EXISTE-T-IL un DROIT à l’ASSURANCE? Quelle est la place de l’assurance santé entre logique d’intégration sociale et logique d’efficience du système pour le plus grand nombre ?

l’assurance « santé » et le « contrat social » En contribuant à une meilleure information sur le risque, les tests génétiques ne sapent-ils pas l’idée même d’assurances ? Pourquoi les individus qualifiés de « bons risques génétiques » accepteraient-ils qu’eux-mêmes et leur descendance soient condamnés à payer pour « les mauvais risques » ? La solidarité, qui est la clé de voûte du système de protection sociale de l’Etat providence, ne risque-t-elle pas d’y succomber ?

l’assurance « santé » et le « contrat social » L’assurance privée pourrait-elle compenser ce déficit ? Certains économistes suggèrent l’idée d’une assurance collective semblable à celle qui couvre les catastrophes naturelles. Elle n’aurait pas besoin de faire appel à la solidarité sauf à démontrer qu’il existerait une forte dépendance entre risques génétiques et caractéristiques socio-économiques. Dans ce schéma, le droit à l’assurance rejoindrait l’obligation de s’assurer.

l’assurance « santé » et le « contrat social » Une autre démarche viserait à renforcer la dimension de solidarité du « contrat social ». l’art.3 de la Convention d’Oviedo sur l’accès équitable aux soins et l’art.14 de la Déclaration universelle sur la bioéthique, relatif à la solidarité sociale et à la santé, justifient d’imposer l’idée que les risques génétiques en santé soient uniquement couverts dans le cadre d’un système de protection sociale et non dans le cadre de l’assurance privée. C’est un choix qui relève d’un postulat éthique et politique. Il ne saurait cependant être sans limite.

les « nouvelles » limites du droit à l’assurance en matière de santé Limites économiques : en quoi les tests génétiques peuvent-ils être utiles ? La réalisation de tests génétiques peut s’avérer financièrement disproportionnée. Sans tests génétiques, il y aura ignorance symétrique et l’assurance sera uniforme alors qu’avec les tests génétiques, la prime des mauvais risques peut être prohibitive, voire être égale au coût du traitement si le test révèle que la maladie est certaine.

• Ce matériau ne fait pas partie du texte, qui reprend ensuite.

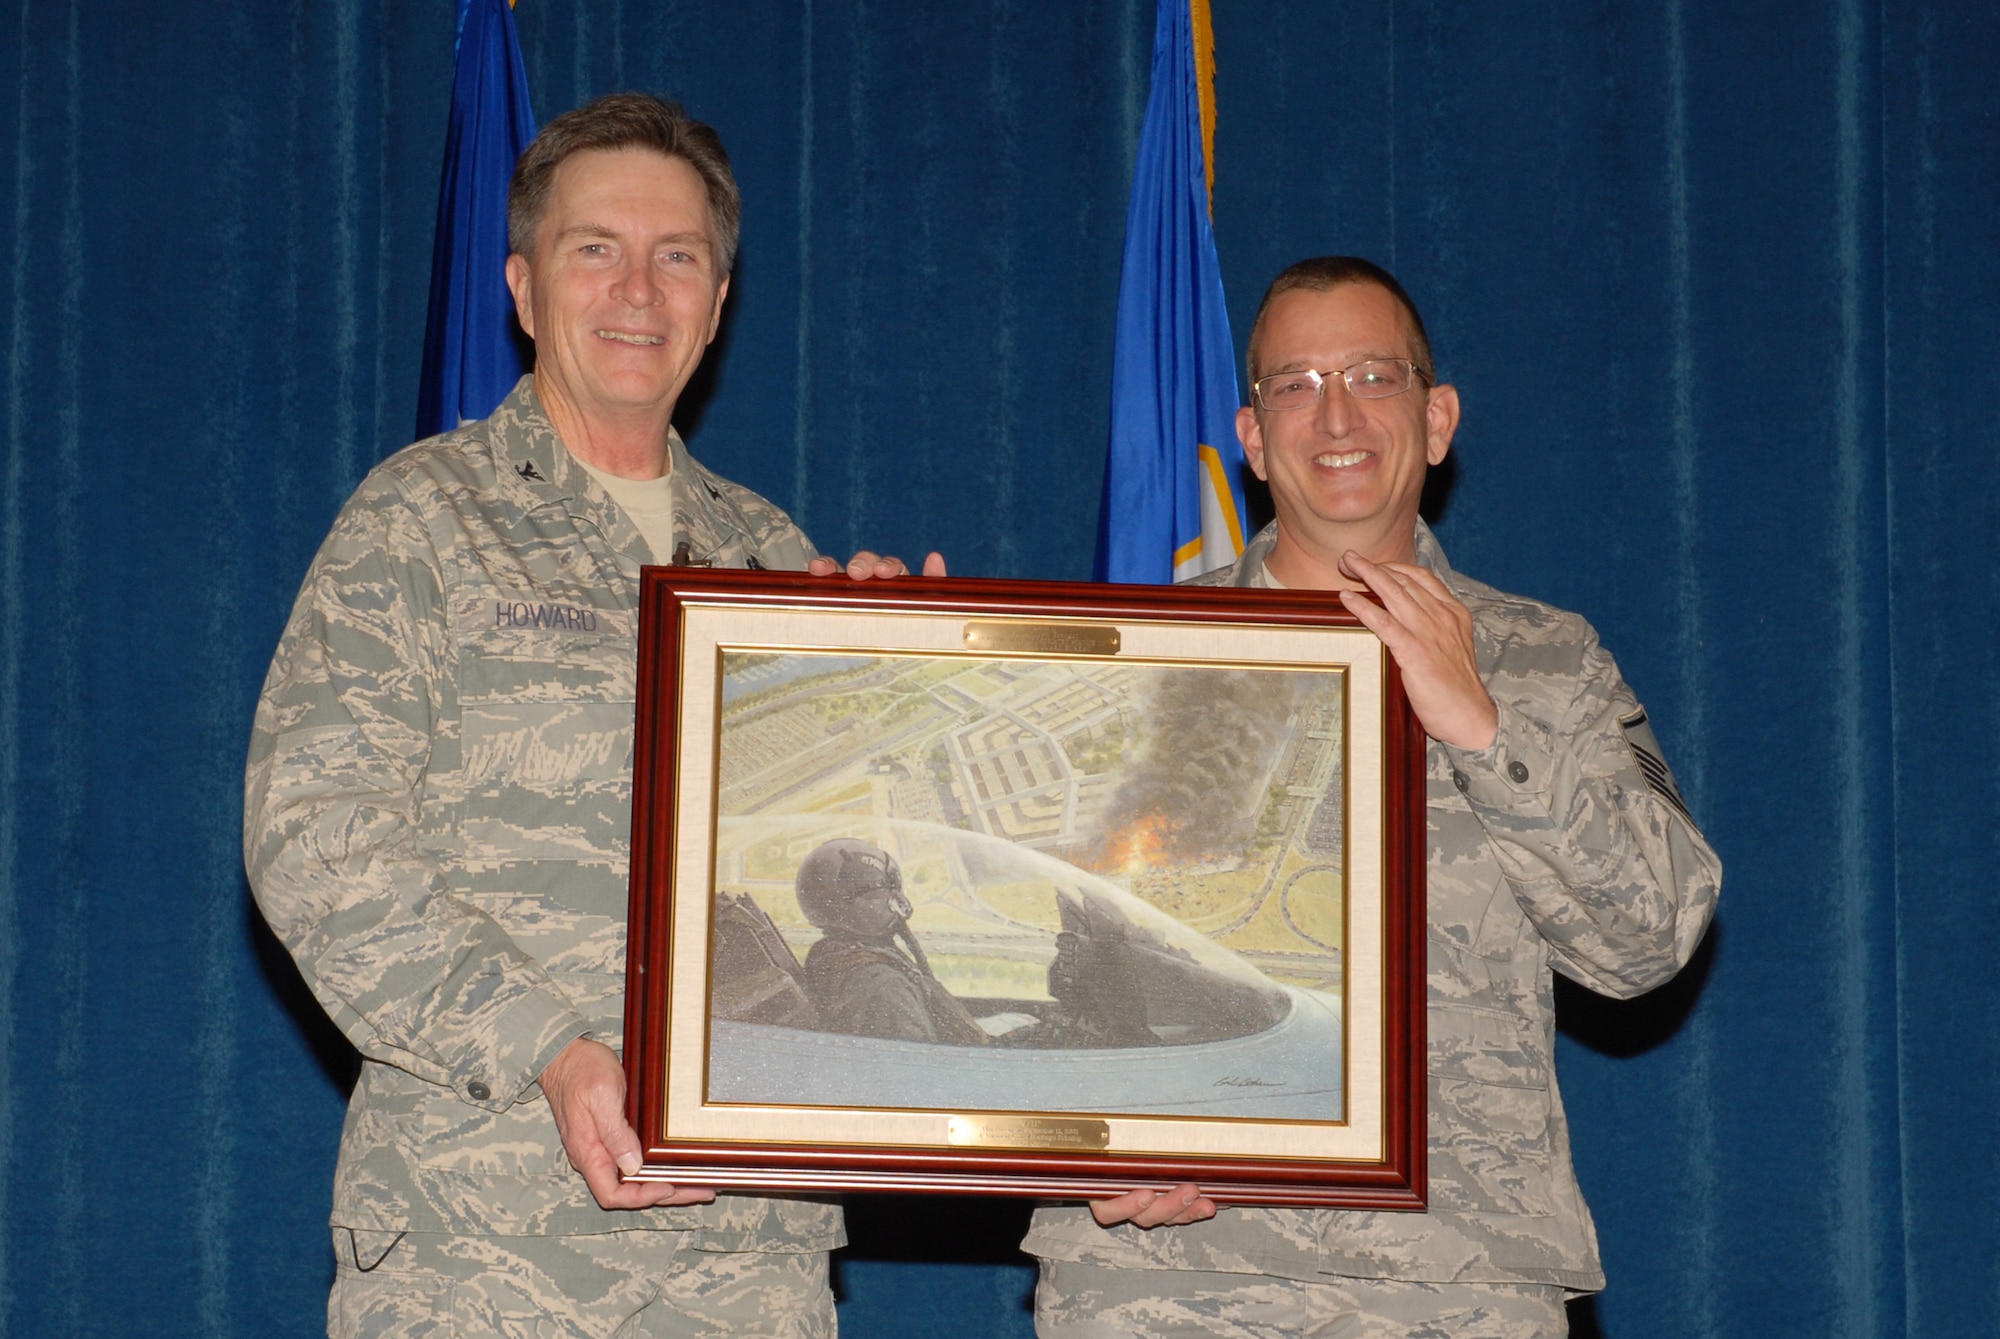 McGHEE TYSON AIR NATIONAL GUARD BASE, Tenn. -- Master Sgt. Andrew D. Traugot, right, an instructional systems analyst for the enlisted professional military education branch, receives a heritage painting from Col. Richard B. Howard, commander, upon his departure from assignment at The I.G. Brown Air National Guard Training and Education Center here, Dec. 18, 2009.  (U.S. Air Force photograph by Master Sgt. Mavi Smith/Released)
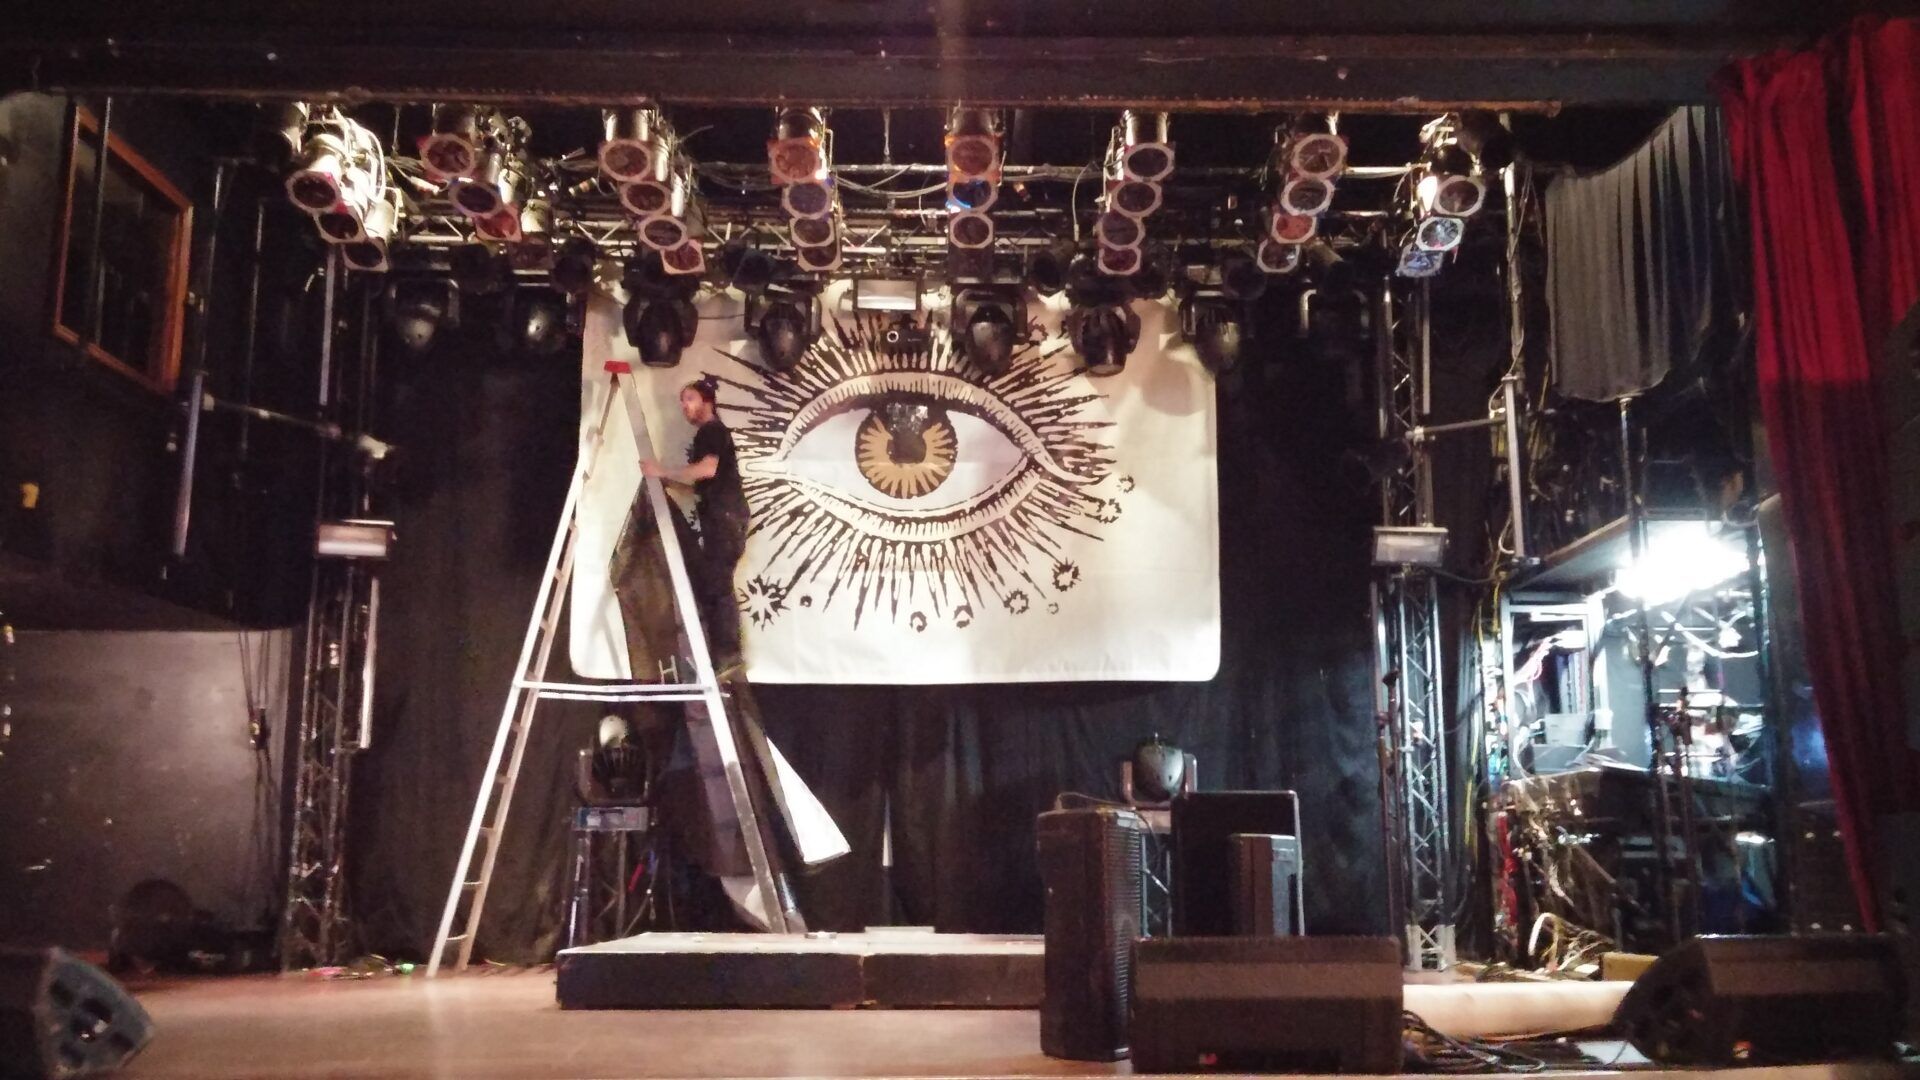 Getting set up for the show in Toronto. We had that eye looking at us every show.

les « nouvelles » limites du droit à l’assurance en matière de santé Limites fondées sur la responsabilisation du citoyen consommateur  Le dépistage des maladies génétiques peut être envisagé lorsque existe un traitement préventif. La démarche doit restée prudente car Il y a un risque de glisser du dépistage à la stigmatisation. Peut-on attendre plus d’effet d’un changement des comportements individuels (modes alimentaires, habitudes addictives ou comportementales)  ? Oui si l’on se donne les moyens de sensibiliser les individus mais aussi de sanctionner (par l’interdiction de la publicité ou des taxes santé) les produits et ceux qui les commercialisent sans souci préventif de la santé du consommateur.

CONCLUSION GENERALE Comment l’assurance dans le domaine des risques liés à la santé peut-elle restée un enjeu collectif dans un système qui favorise une plus grande prise en compte des situations individuelles ? Les tests génétiques doivent-ils faire l’objet d’une appréhension particulière dans le domaine de l’assurance « santé » et à quelles fins ? Convient-il de maintenir le principe de solidarité sociale  ou faut-il ouvrir les risques liés à la santé à un régime d’autonomie contrôlée ? Comment conjuguer efficacité du système et équité ?

CONCLUSION GENERALE « Les tests génétiques sont une bonne chose si le ciment social est suffisamment solide, mais ils sont à déplorer si la société est de plus en plus réticente à la solidarité ». « j’ai la conviction que l’avenir de l’Europe repose sur la volonté de poursuivre dans la voie de la solidarité » Pierre Pestiau, Pour ou contre les tests génétiques ? Un point de vue d’économiste.